Metasoma (Fig. 1). First tergite subtriangular, maximum length 0.5 times the maximum width; second tergite weakly trapezoid, with maximum length 0.75 times maximum width; third tergite narrow, 0.5 times as long as wide; fourth tergite weakly exposed; all tergites smooth, scattered with sparse setae. Segments and ovipositor that retracted within metasoma as illustrated (Figs 11, 12).

Colour. Body dark red.
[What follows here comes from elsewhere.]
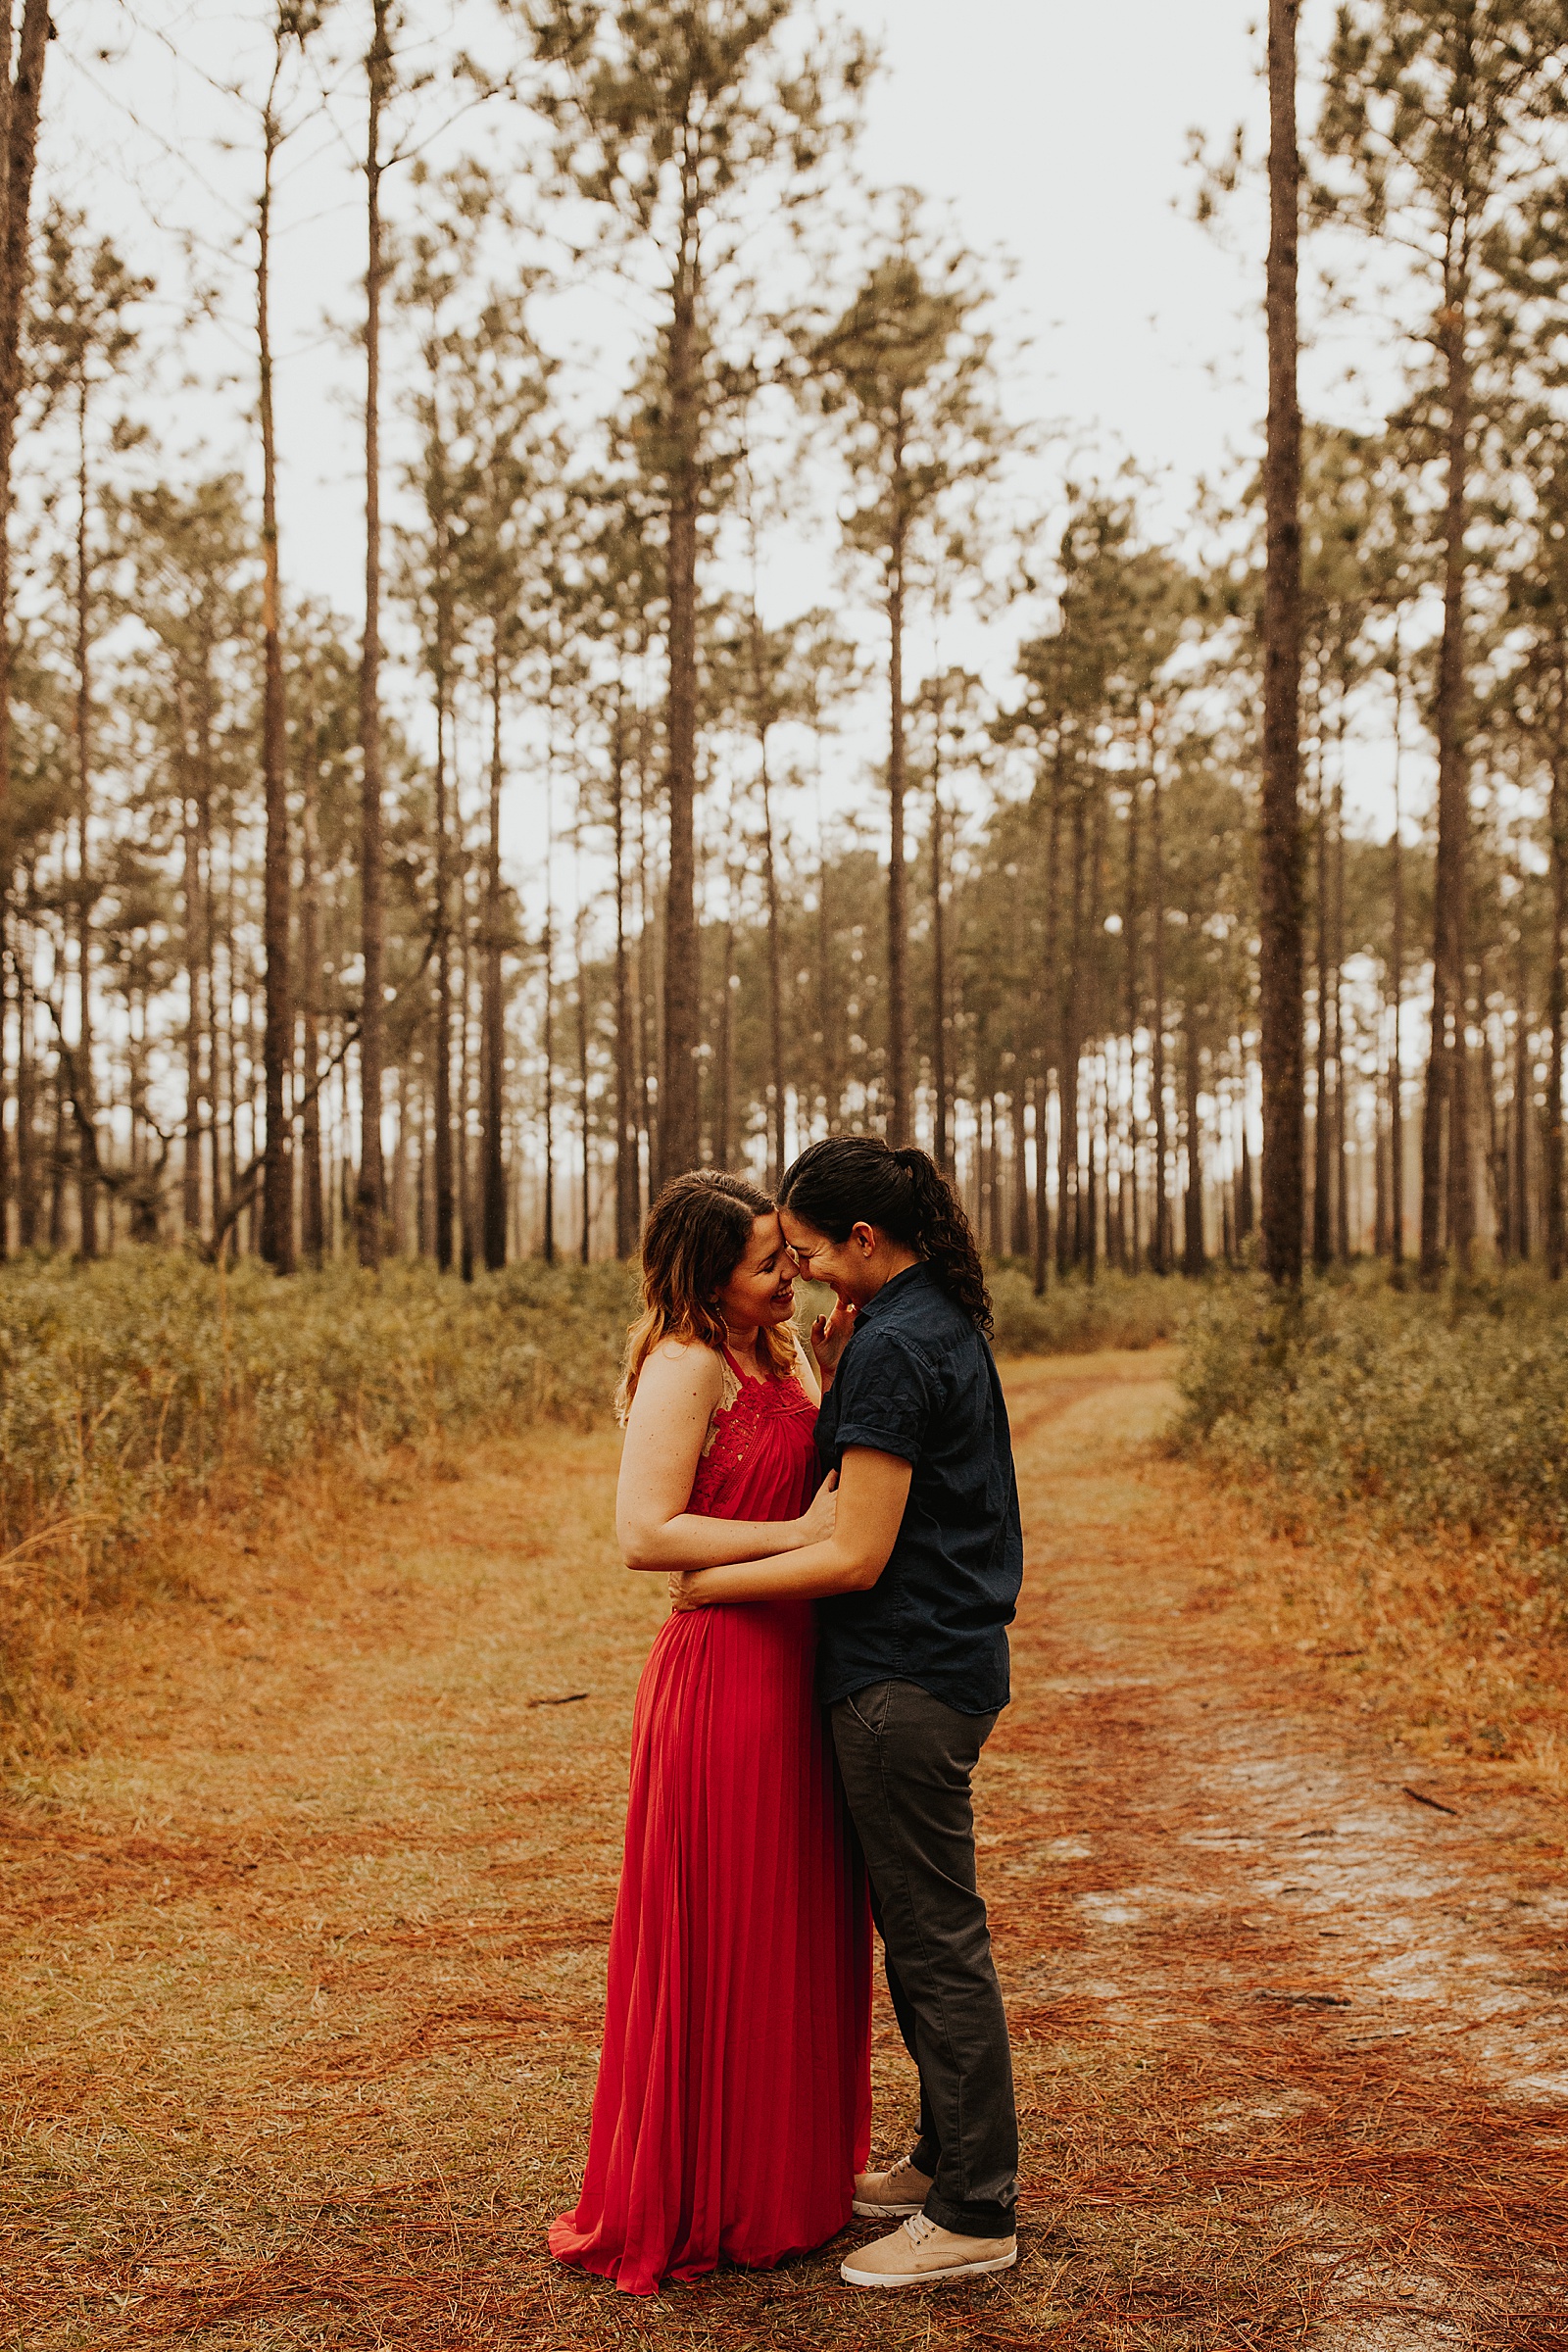 These Jacksonville couple photos were so beautiful in the pouring rain!

Antennae and legs reddish brown.

Figures 1–6.

Rhadinoscelidia delta Liu, Yao & Xu, sp. n. holotype. 1 lateral habitus 2 head in frontal view 3 head and pronotum in lateral view 4–5 dorsal view of head and pronotum 6 antenna.

Figures 7–12.

Rhadinoscelidia delta Liu, Yao & Xu, sp. n. holotype. 7 fore leg 8 mid leg 9 hind leg 10 fore wing and hind wing 11 seventh tergite, seventh sternite and ovipositor (indicated by T7, S7 and ovip) 12 sixth tergite.



Materials examined.

Holotype, female, China: Hainan, Mt. Wuzhishan (18.85°N, 109.66°E), May 16–20, 2007, Li-qiong Weng, No. 200800122. Paratype: 1 female, same data as type, No. 200800160.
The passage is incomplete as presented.